* **YOUR ASSIGNMENT**
Set down each line of the material that follows, exactly, with no pictures.

* **MATERIAL PROVIDED**
- Opening Delimiter -
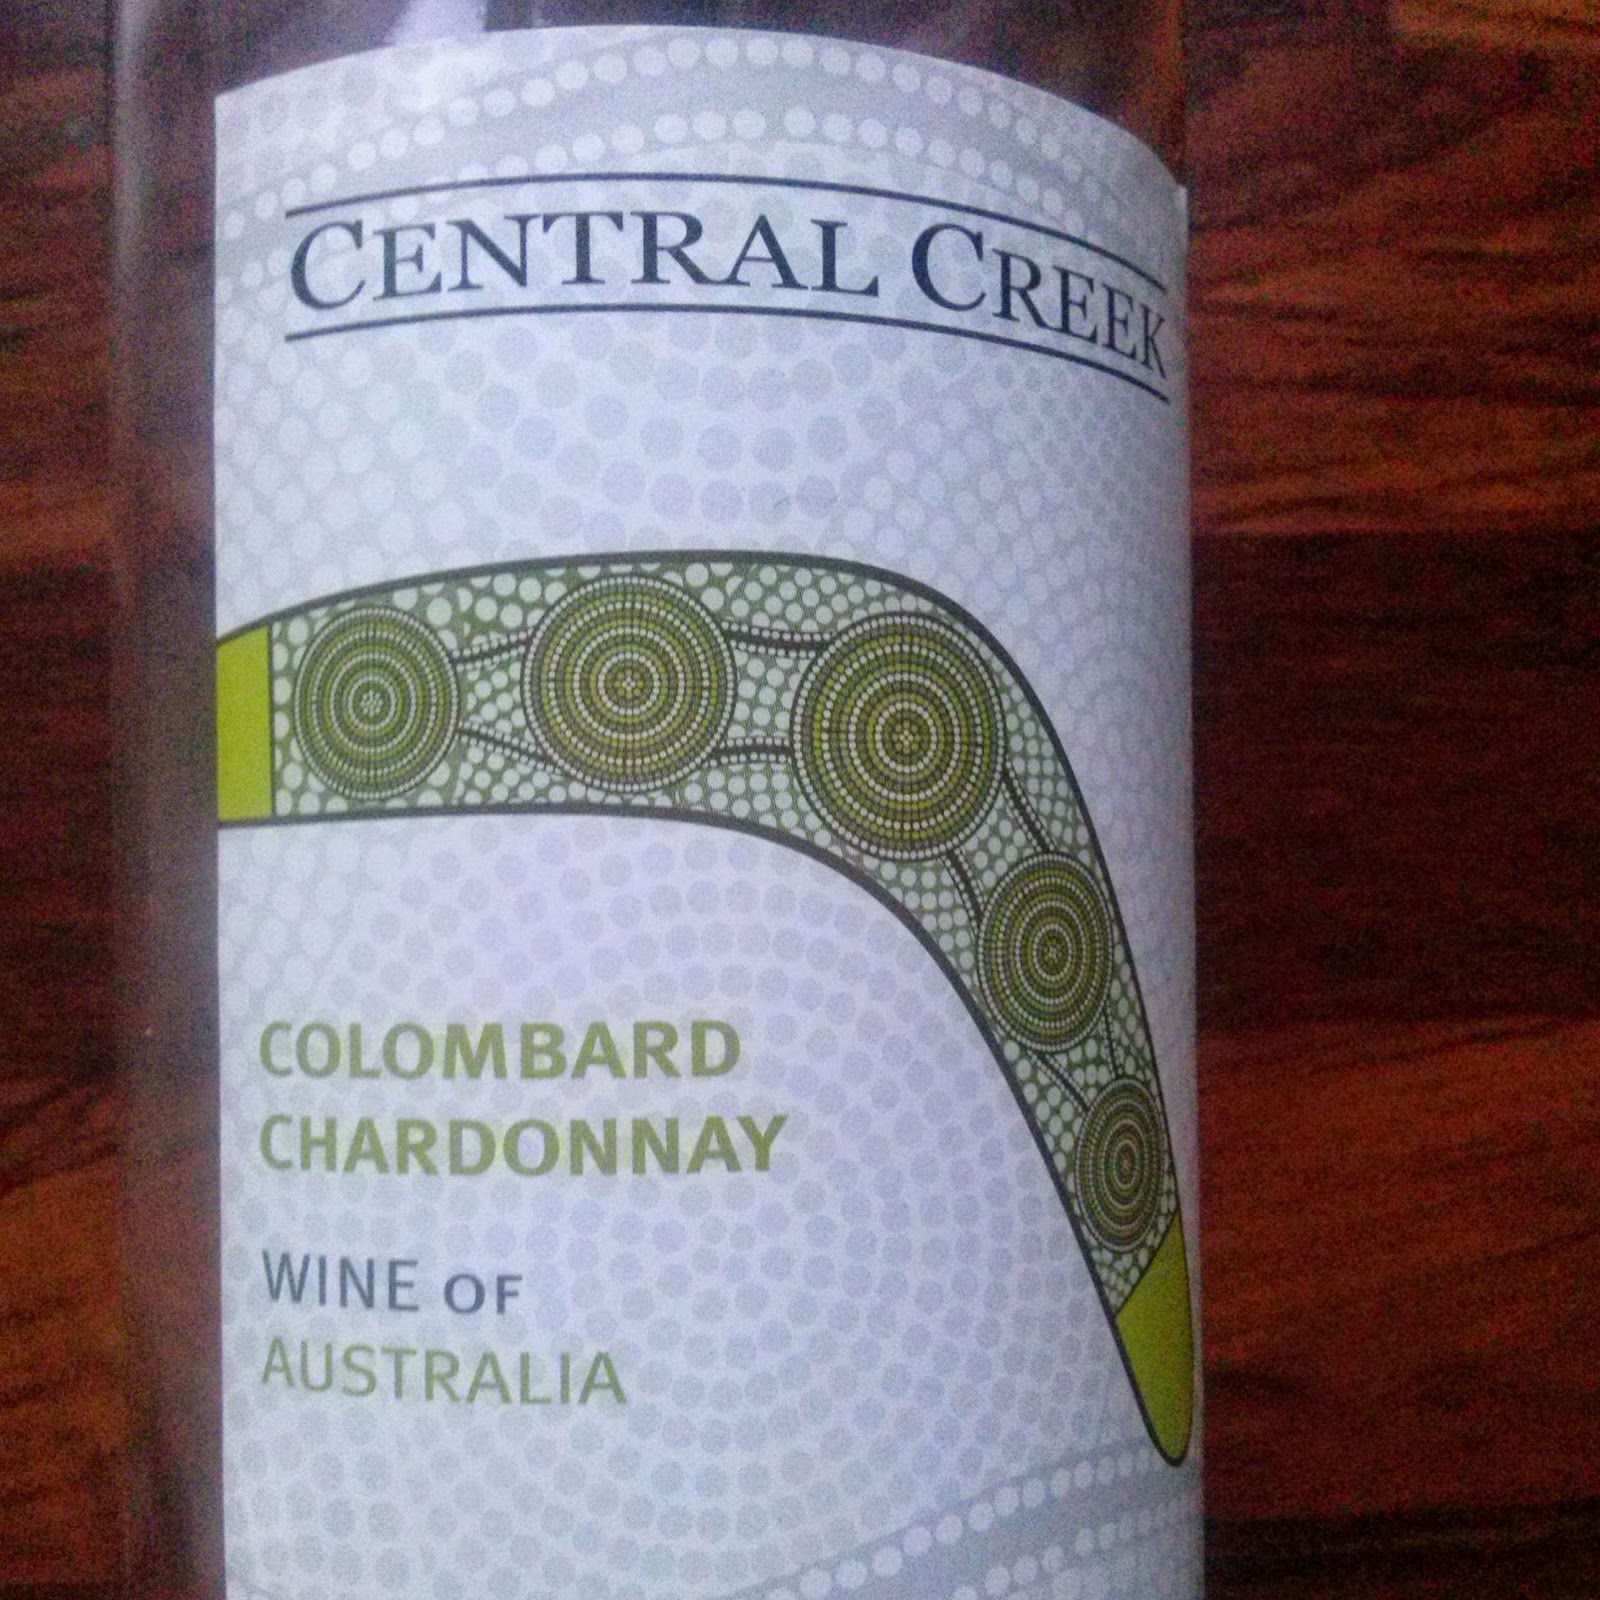 Central Creek Colombard Chardonnay
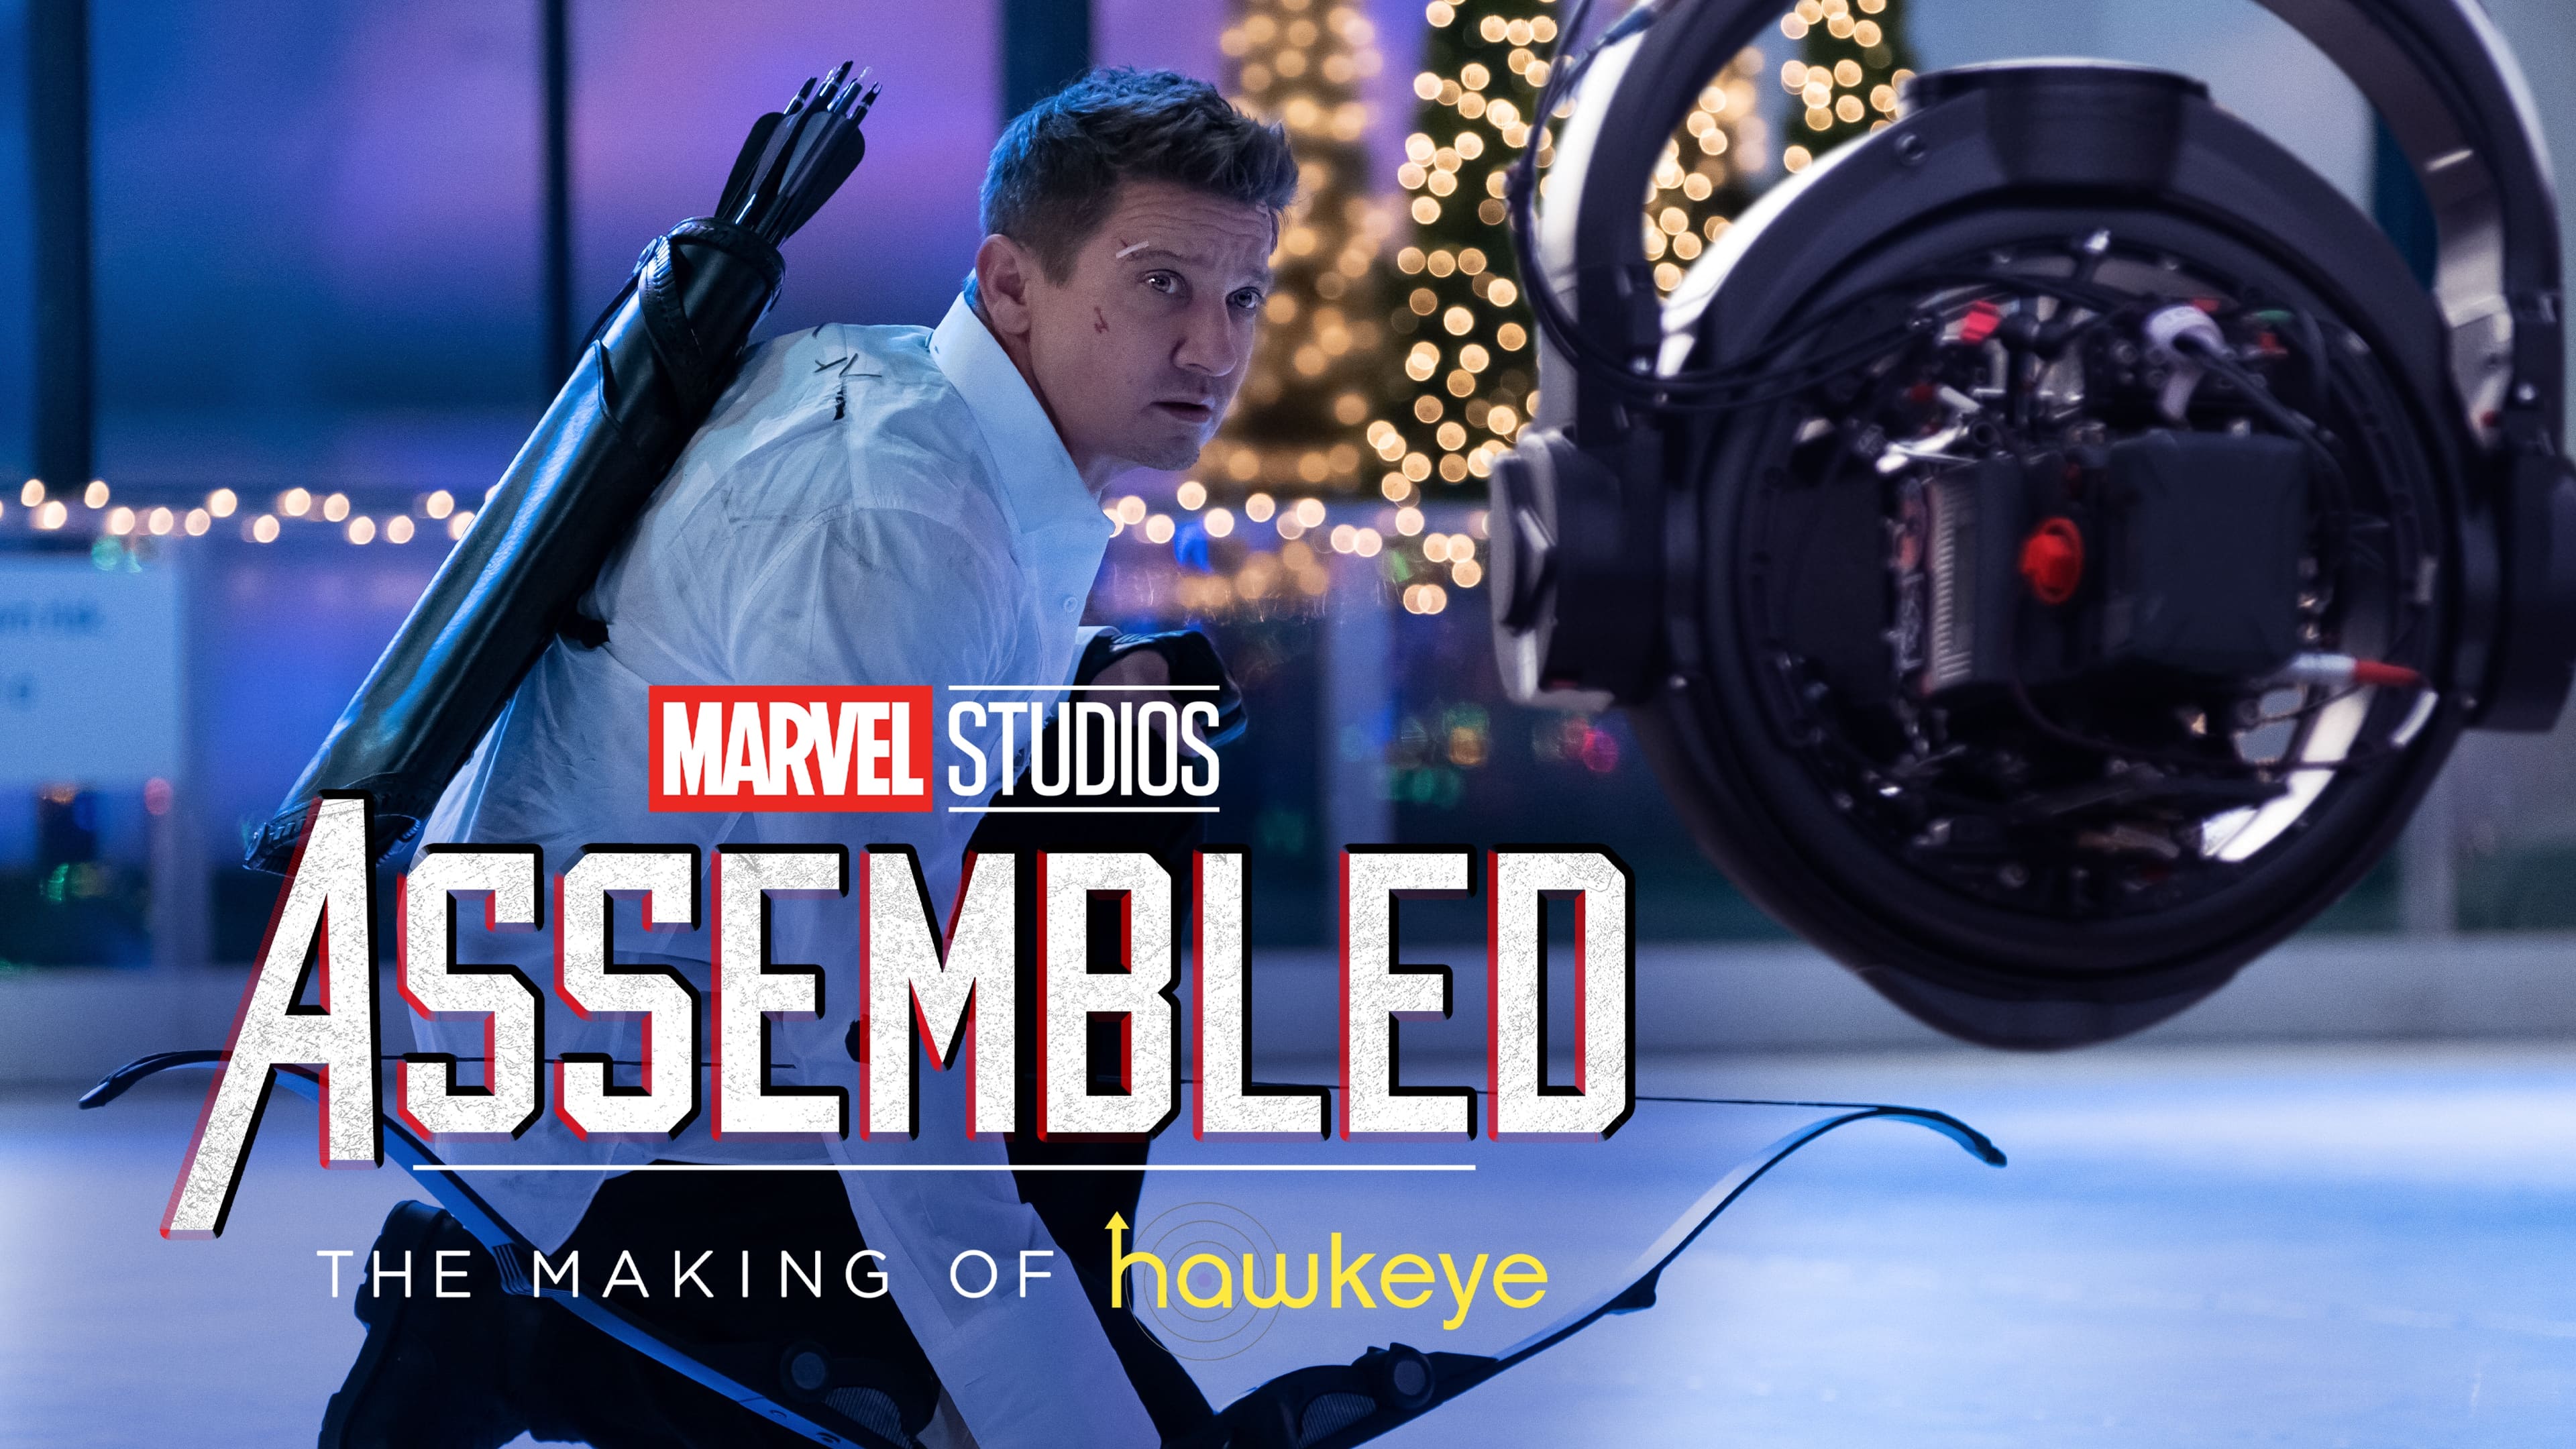 Marvel Studios Assembled: The Making of Hawkeye (2022)
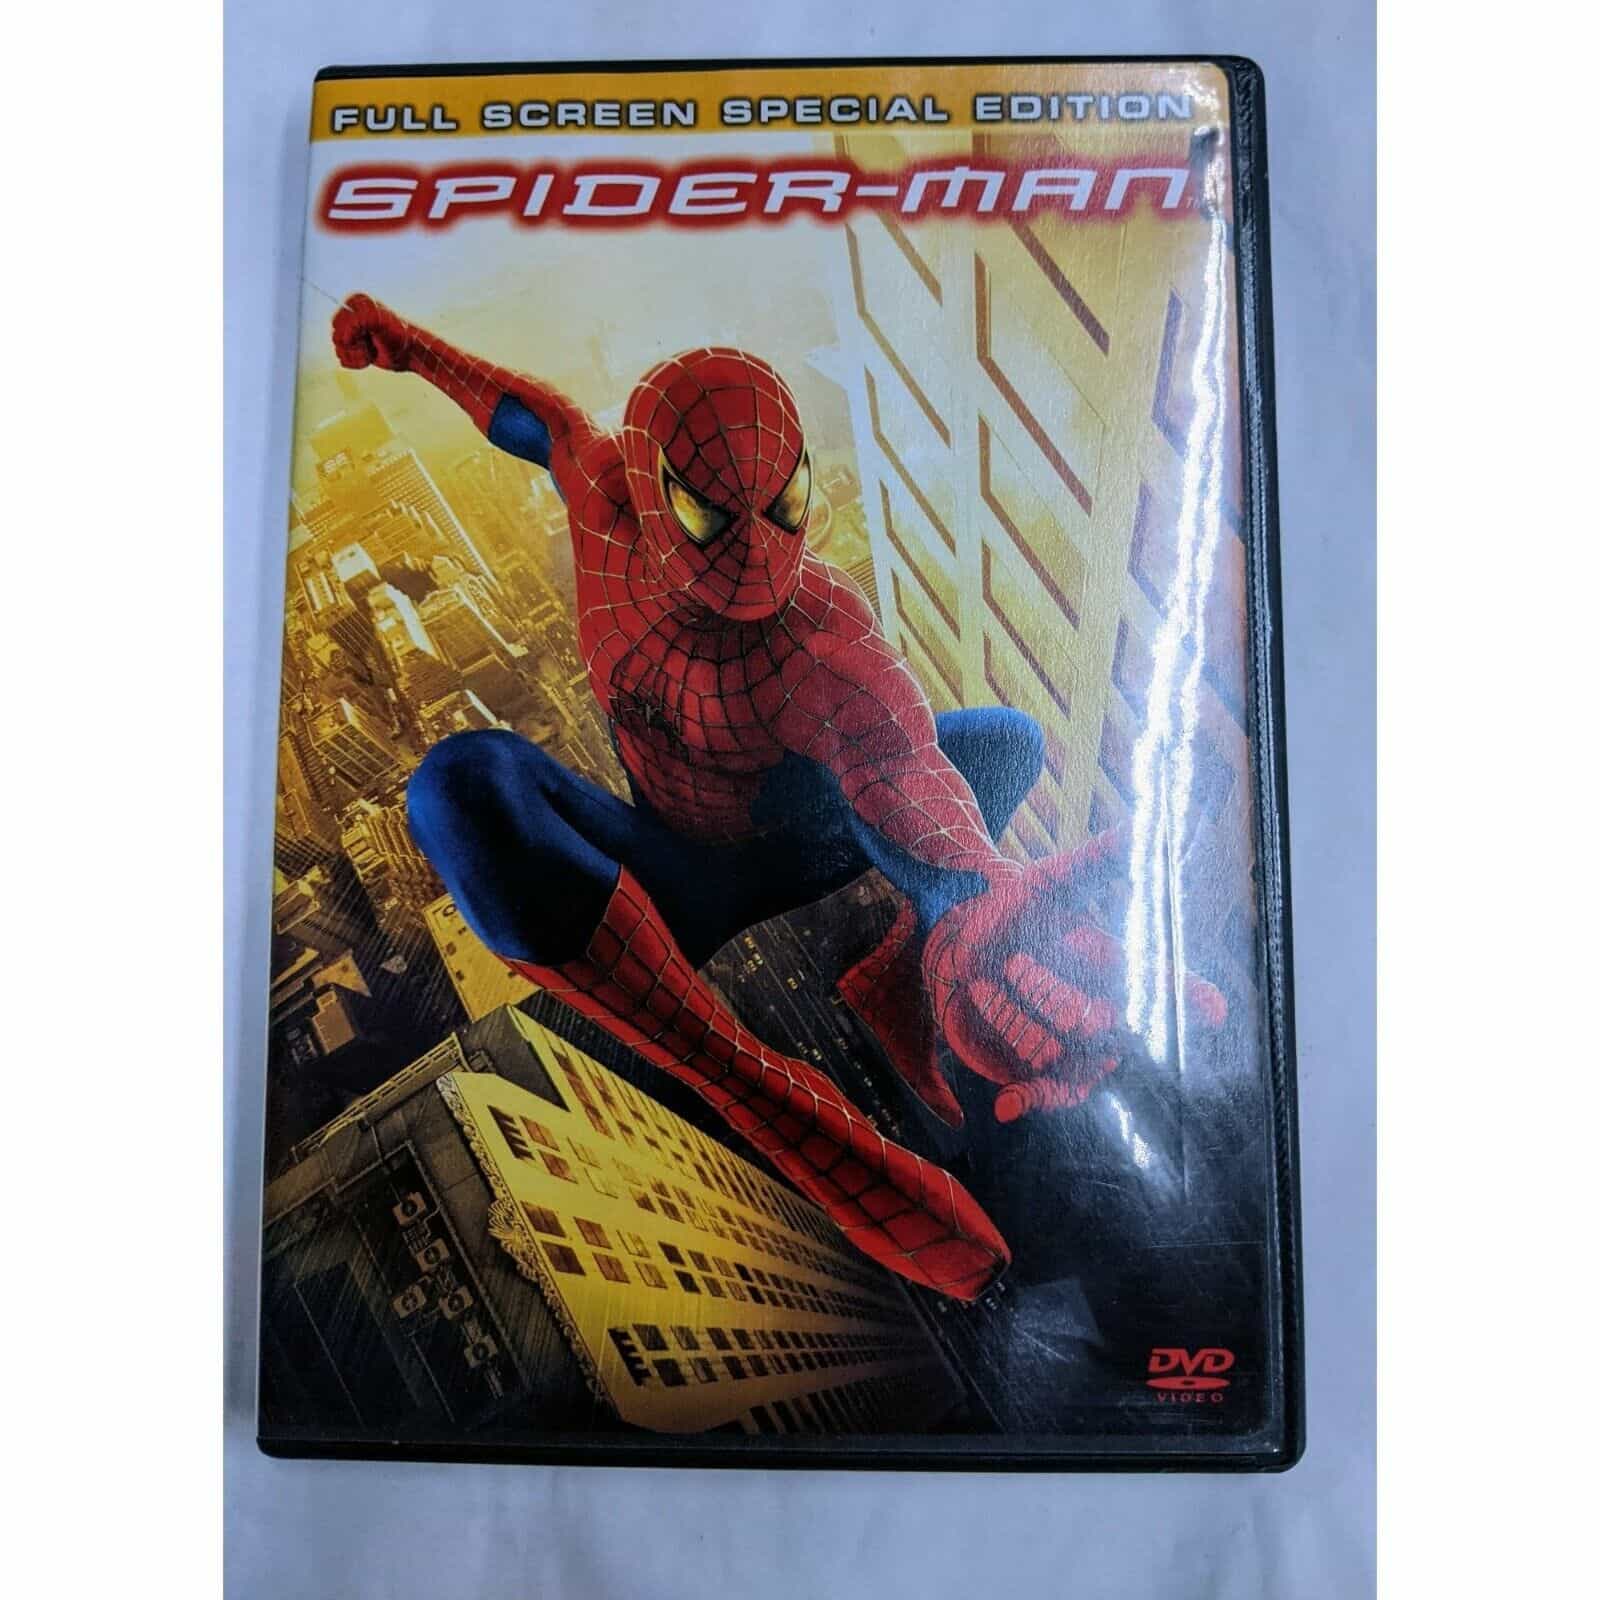 Spider-Man Full screen Special Edition DVD Movie
- Closing Delimiter -
* **YOUR RESPONSE**
 Central Creek Colombard Chardonnay
 Marvel Studios Assembled: The Making of Hawkeye (2022)
 Spider-Man Full screen Special Edition DVD Movie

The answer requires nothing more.